===
0054,
5
===

 

{54,5}

hai qaa((idah-e kullii yih kuu-e mu;habbat me;N
dil gum jo hu))aa hogaa paidaa nah hu))aa hogaa

1) this is a universal rule, in the street of love:
2) the heart that will have become lost, will not have become discovered/manifest [thereafter]

 

Notes:

kullii : 'Universal, all, entire, total; every; complete; general, common, generic'. (Platts p.845)

 

paidaa : 'Discovered, manifested, manifest, exhibited; procured, acquired, earned, gained'. (Platts p.298)

S. R. Faruqi:

'In the street of love' is related to the second line. The prose form of the verse will be like this: 'This rule is general: (that) the heart that will have become lost in the street of love, (it then) will not have become manifest'. A verse in which the speech of the second line is not complete without adding some of the speech of the first line is called, as a literary term, 'enmeshed' [mu((aqqad]. Some people have called it a flaw [((aib], although this manner has been customary in Urdu and Persian poetry from the beginning to the end, and has not been called a flaw in any book of criticism.

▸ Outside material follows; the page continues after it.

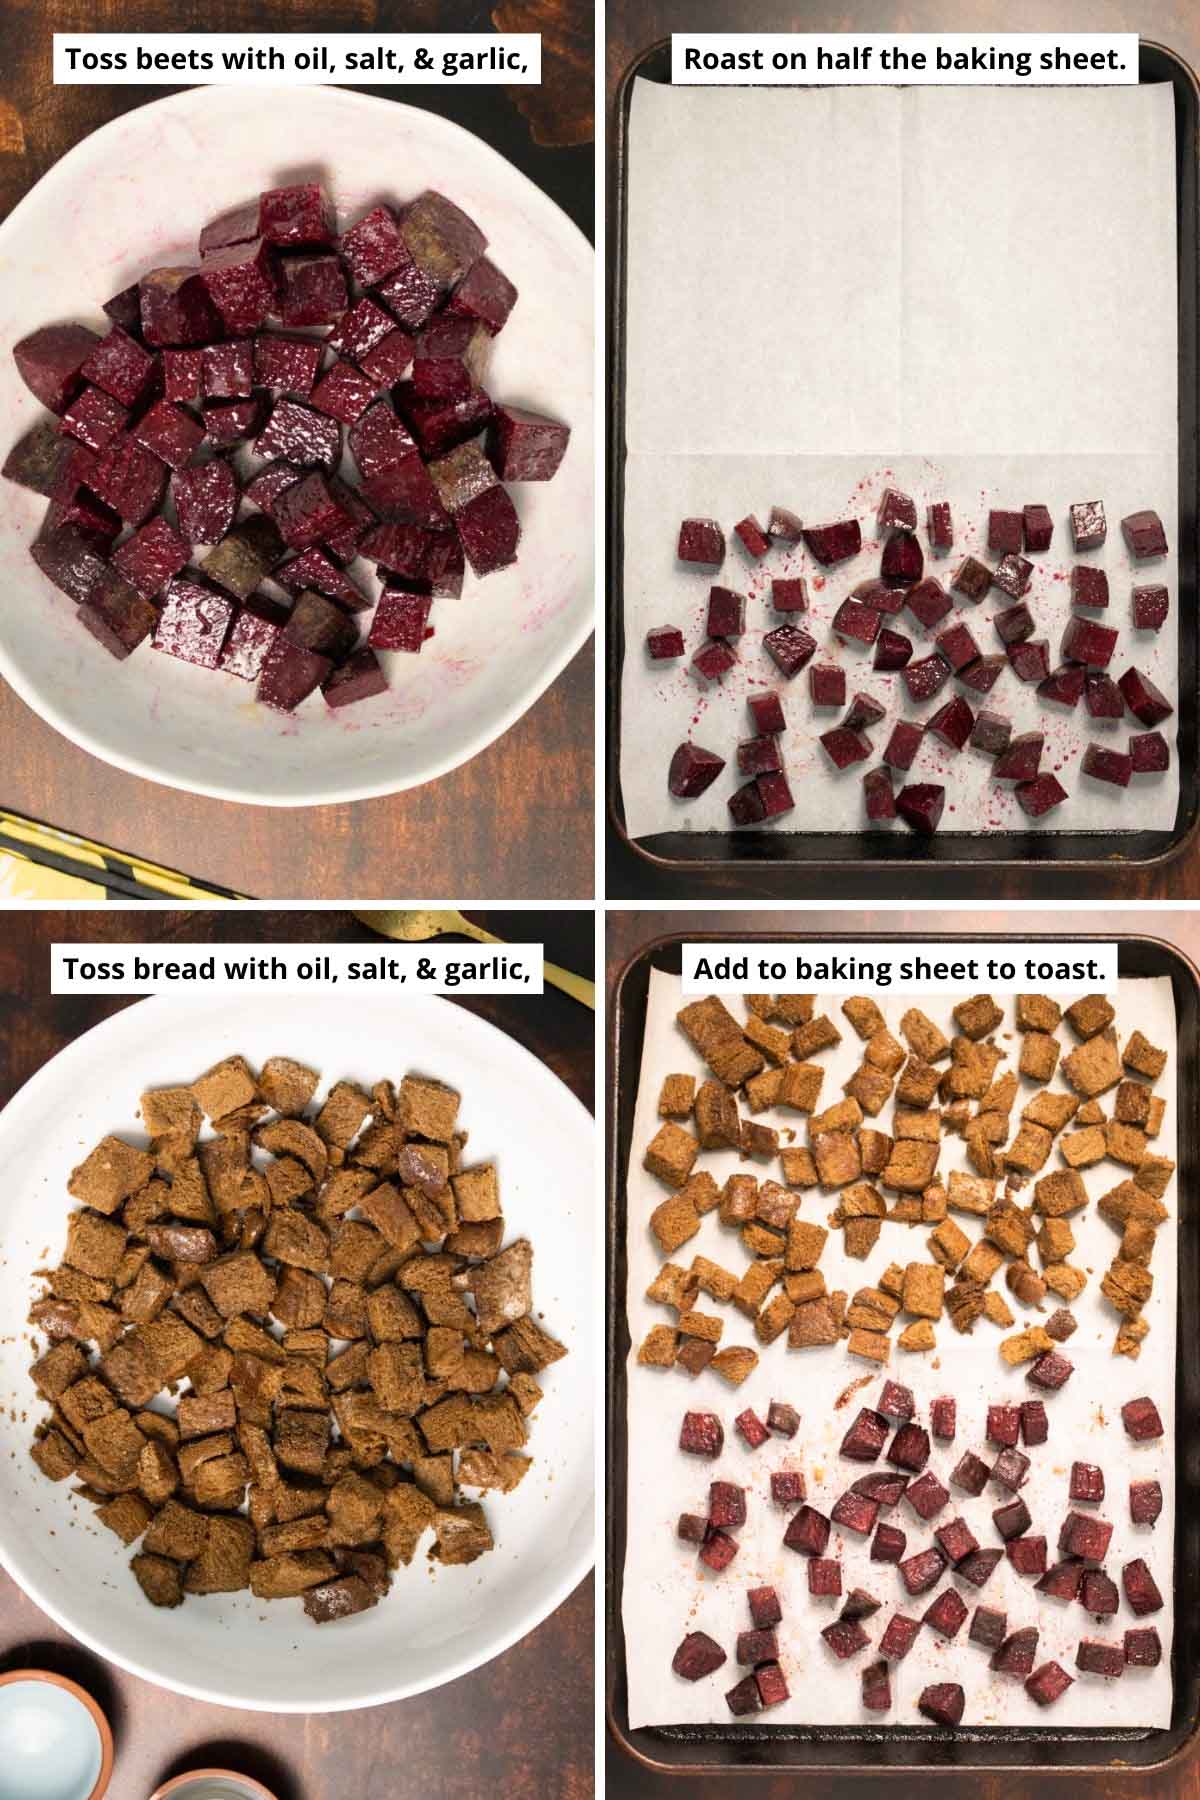 image collage showing roasting the beets on half the pan and adding the crouton pieces to the other half to toast

Muhammad Husain Azad, in aab-e ;hayaat [p. 458], in his account of Zauq notes this verse of Zauq's:

mu;Nh u;Thaa))e hu))e jaataa hai kahaa;N tuu kih tujhe
hai tiraa naqsh-e qadam chashm-numaa))ii kartaa

[with your head held high, where are you going-- for to you
your footprint represents an eye]

He writes that Kalb-e Husain Khan 'Nadir', in his book tal;xii.s-e mu((all;aa , has objected that 'to you' belongs to the second line, and ought not to be brought into the first line. Muhammad Husain Azad writes, 'I don't know how to answer that'. If in truth he wasn't able to frame an answer for this nonsensical objection, it's surprising. It's possible that he might have written this sarcastically, and the point would have been that the objection is meaningless; or perhaps the point would have been that the objection wasn't especially important.

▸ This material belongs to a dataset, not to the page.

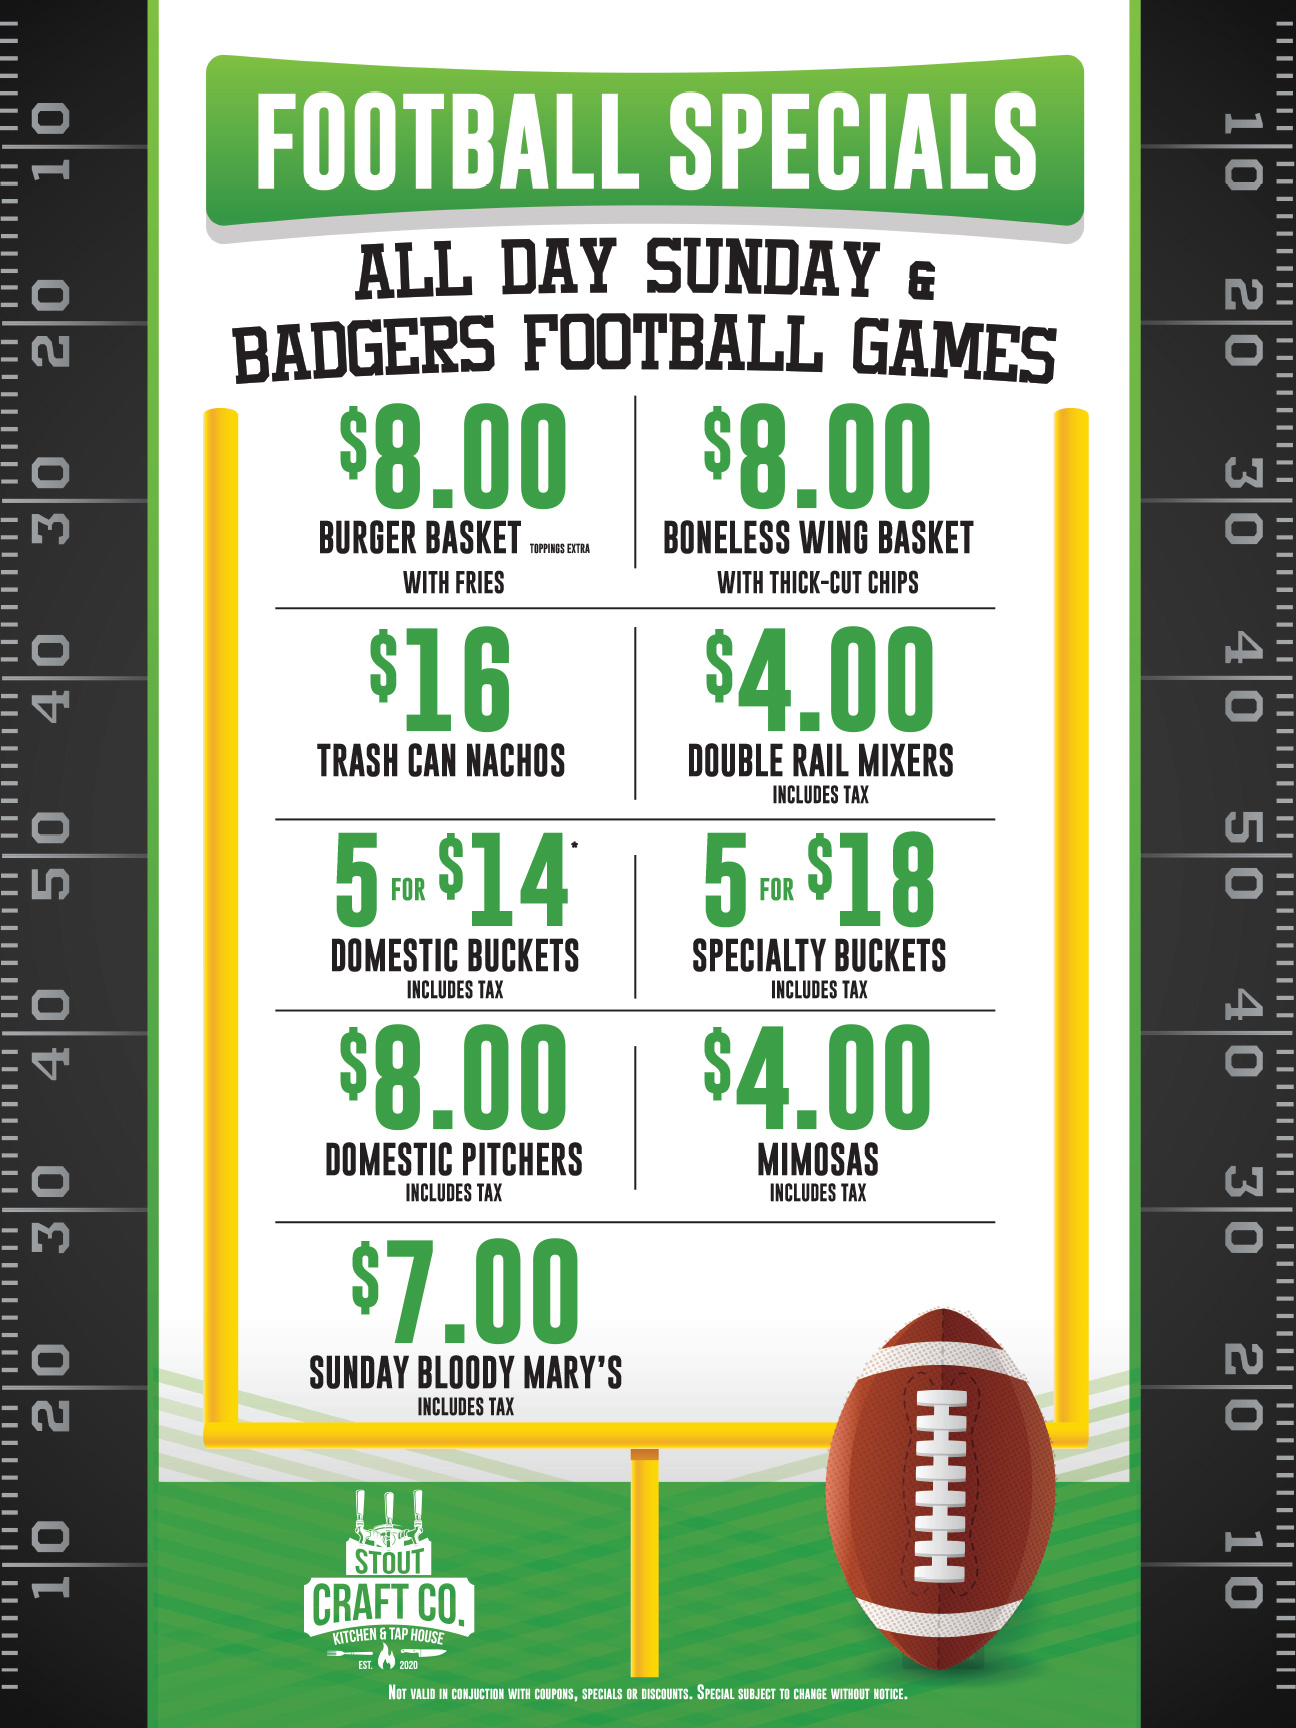 Sunday Specials and Badger Games

In any case, the truth is that 'enmeshed' verses are found in the poetry of every Ustad. Another point is that if the line would be put into prose like this: 'in the street of love, this rule is universal', then the verse would no longer be 'connected'. But in Mir's poetry 'entangled' verses are in any case present; see for example,

{25,2}.

[See also {183,12}.]

FWP:

SETS == MIDPOINTS
MOTIFS
NAMES
TERMS == ENTANGLEMENT

The term 'enjambment' is usually used in English criticism for verses in which single lines are semantically incomplete, and a sentence takes two (or more) lines to be fully expressed. A substantial majority of ghazal lines are 'end-stopped' or semantically complete, but by no means all of them. It's quite easy to find examples of enjambment in the work of all the classical poets, as SRF says, and most certainly in Ghalib and Mir. It's hard to believe that Azad wouldn't have known this. So why would he make such a fuss over it? As with so many aspects of Azad's anecdotes in aab-e ;hayaat , it's impossible to figure out which of his various hidden agendas might have been operative. For further discussion of such 'entanglement of words'[ta((qiid-e laf:zii], see {183,12}.

And in this particular verse, as SRF notes, we don't even need to postulate enjambment. Why shouldn't there be a 'universal' rule that applies always and forever in the 'street of love'? I don't see why 'in the street of love' can't be read just as well with the first line as with the second.

In any case, the whole picky business of finding small 'flaws' in the work of the classical Ustads is a very odd and futile pursuit. Who has the authority to go around identifying 'flaws' in Mir's poetry? And who cares, anyway? Poetry either works or it doesn't; if it works, it laughs at nuktah-chiinii , and if it doesn't, no amount of rule-following will redeem it.